Predicting the Future: Can You Ethically Obtain an Advance Waiver of Actual Conflicts of Interest?

We all know of lawyers who are so proficient at their craft, who are such artists in their specialties, and who have such an incredible track record that they are acknowledged to be superstars in their given area of practice. Where a client is convinced that such a lawyer is the absolute best person to represent the client, and that no other will suffice, should the duty of loyalty prevent the lawyer from accepting the client, even where the client provided informed and intentional agreement that the lawyer may later concurrently represent an adversary of the client in an unrelated case or matter? The author, founding partner of the Southern California law firm Pansky Markle Ham LLP, provides answers to this question by presenting a detailed analysis of California case law, including Sheppard, Mullin, Richter & Hampton, LLP v. J-M Manufacturing Co., Inc., which is currently pending on review before the California Supreme Court.

The New Battle Over Conflicts of Interest: Should Professional Regulators—or Clients—Decide What Is a Conflict?

The authors, partners in the Lawyers for the Profession® practice group at Hinshaw & Culbertson LLP, argue that lawyers’ independence is under attack and that outside counsel’s independence has been significantly limited by the ability of corporate clients to expand the definition of conflicts of interest. This article examines the different ways that clients have sought to expand the definition of conflicts of interest, and reveals how, in doing so, they are not only seriously undermining the ability of law firms to operate, but also how, in the long run, clients are acting contrary to their own best interests. The authors propose one solution to this problem, to amend ABA Model Rule 5.6(b), Restrictions on Right to Practice, in order to prohibit lawyers and law firms from agreeing to any and all outside counsel guideline provisions that have the effect of limiting their ability to represent other clients beyond what is already encompassed in the Model Rules generally, and in the conflicts provisions specifically.

The Future of Latinos in the United States: Law, Mobility, and Opportunity (A Project of the American Bar Foundation)

The Latino population has grown rapidly and soon will be the second largest racial or ethnic group in the nation. As part of its commitment to studying diversity and law and to connecting cutting-edge research to today’s most pressing issues of law and policy, the American Bar Foundation (ABF) has launched a major initiative on “The Future of Latinos in the United States: Law, Opportunity, and Mobility.” This project supports research, teaching, and community outreach to address the needs and concerns of the rapidly expanding Latino population. In this article, the authors describe the origins of the project, the mission it serves, and the initial activities they have organized. They conclude with a brief discussion of the next phases of the project and an invitation to practicing lawyers to get involved in this effort.
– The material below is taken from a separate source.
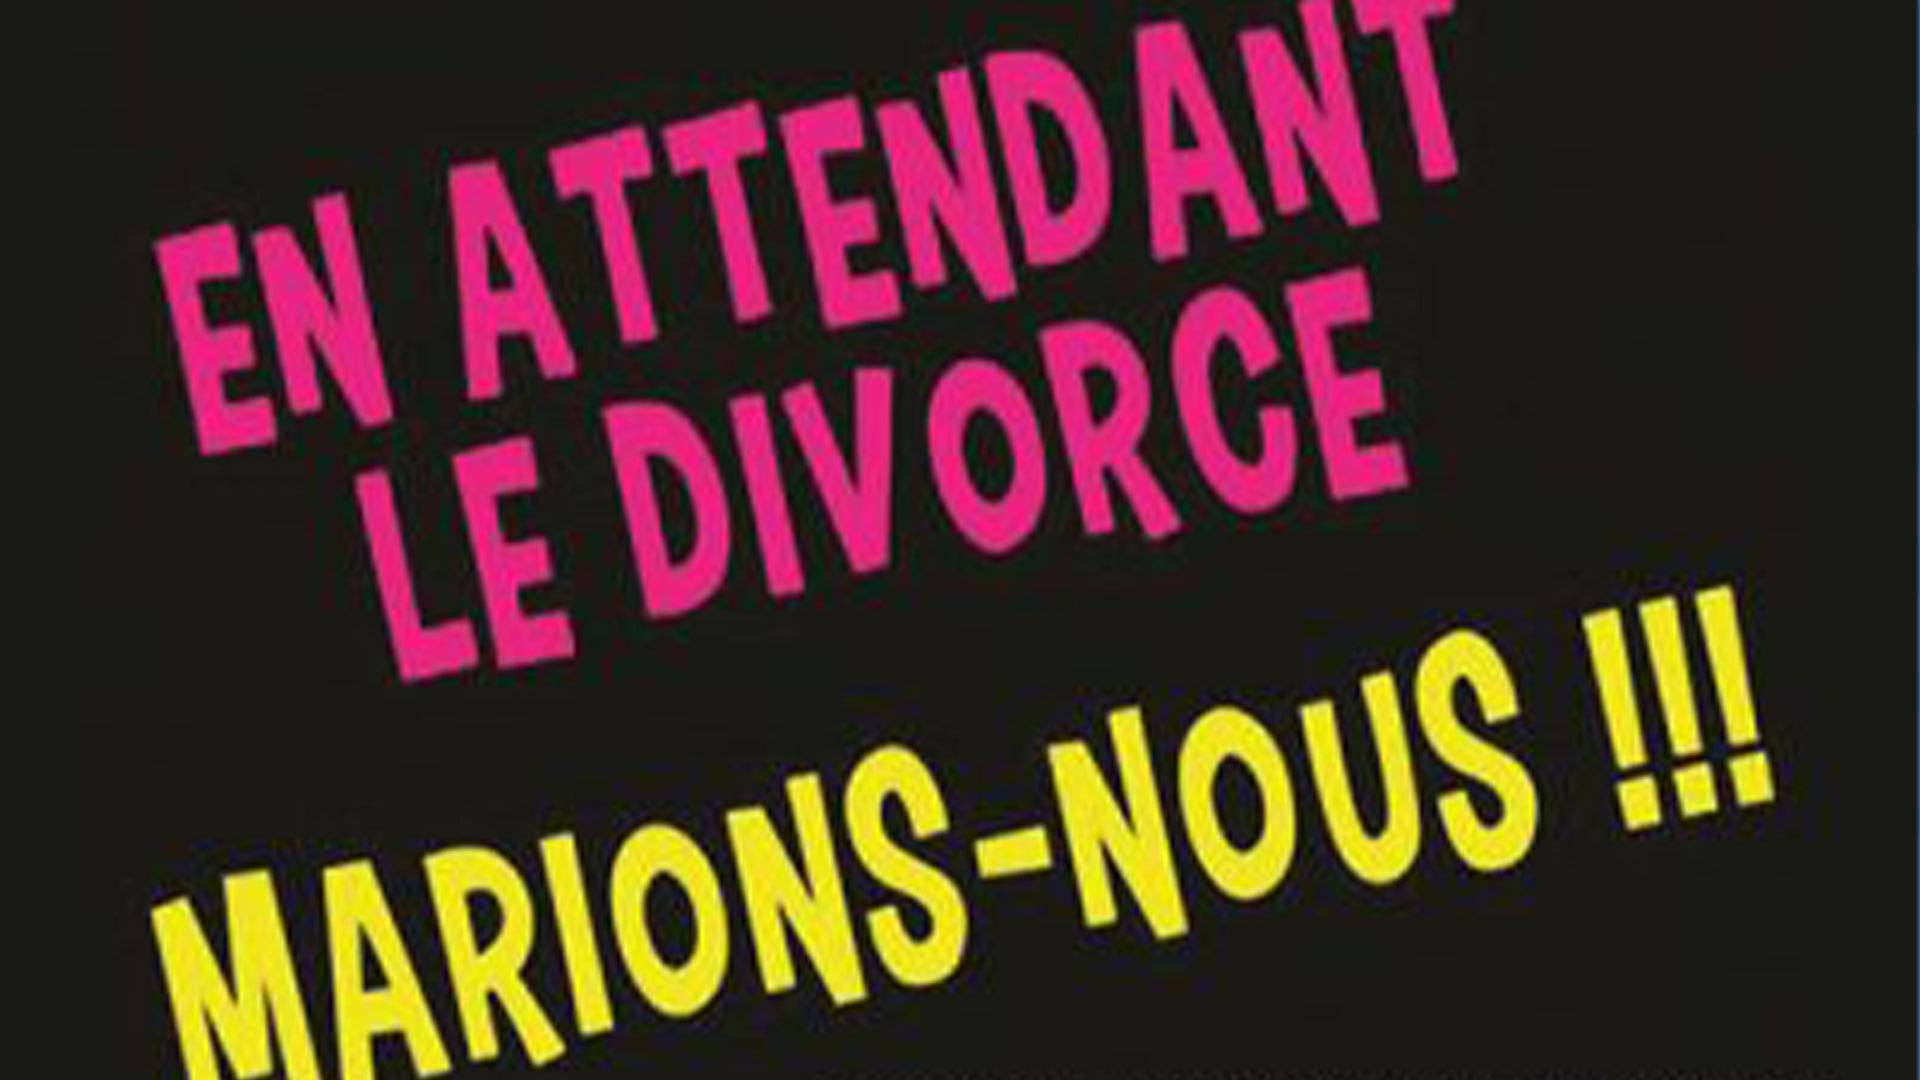 "En attendant le divorce marions nous" à l'Entrepot à Mulhouse

You Can’t Make Me Tell—Or Can You? Can Observing Mentee- and Mentor-Lawyers Be Compelled to Testify About Confidential Client Information?
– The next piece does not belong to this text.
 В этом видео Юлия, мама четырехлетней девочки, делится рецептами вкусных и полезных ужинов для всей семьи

Associate Dean of Students and Professionalism at Western Michigan University Thomas M. Cooley Law School and Vice Chair of the National Legal Mentoring Consortium, Amy Timmer, highlights an ethical dilemma that can arise when an observing mentor or mentee learns confidential client information during a mentoring session. Without an effective method to preserve client confidences, mentoring programs, and therefore young lawyer development, may be impeded. State bars have experimented with a variety of ways to protect the confidential information obtained by an observing lawyer from discovery. The author describes some of the approaches tried and proposed by state mentoring programs, and urges state Supreme Courts to fashion rules that would protect the attorney-client privilege, while allowing for mentoring observations.

Corporate Outside Counsel Policies—Who Do You and Who Can You Represent?

In response to the downturn of the economy and increased competition for corporate clients in the late 2000s, corporate clients developed “corporate outside counsel policies” to manage and trim fees for legal services. Over time, these policies have become increasingly comprehensive and restrictive. They now address a wide range of subjects, including ownership of the client file, the level of skill required for attorneys providing services, and even the number of attorneys who can attend a single meeting. This article provides sample policy provisions, analyzes how courts have treated the issues and conflicts associated with outside counsel policies, discusses the practical implications of provisions for law firms, and examines in detail who benefits from these outside counsel policies. The authors also provide recommendations for law firms on how to manage the requirements of these policies, and tips on how to interact with corporate clients.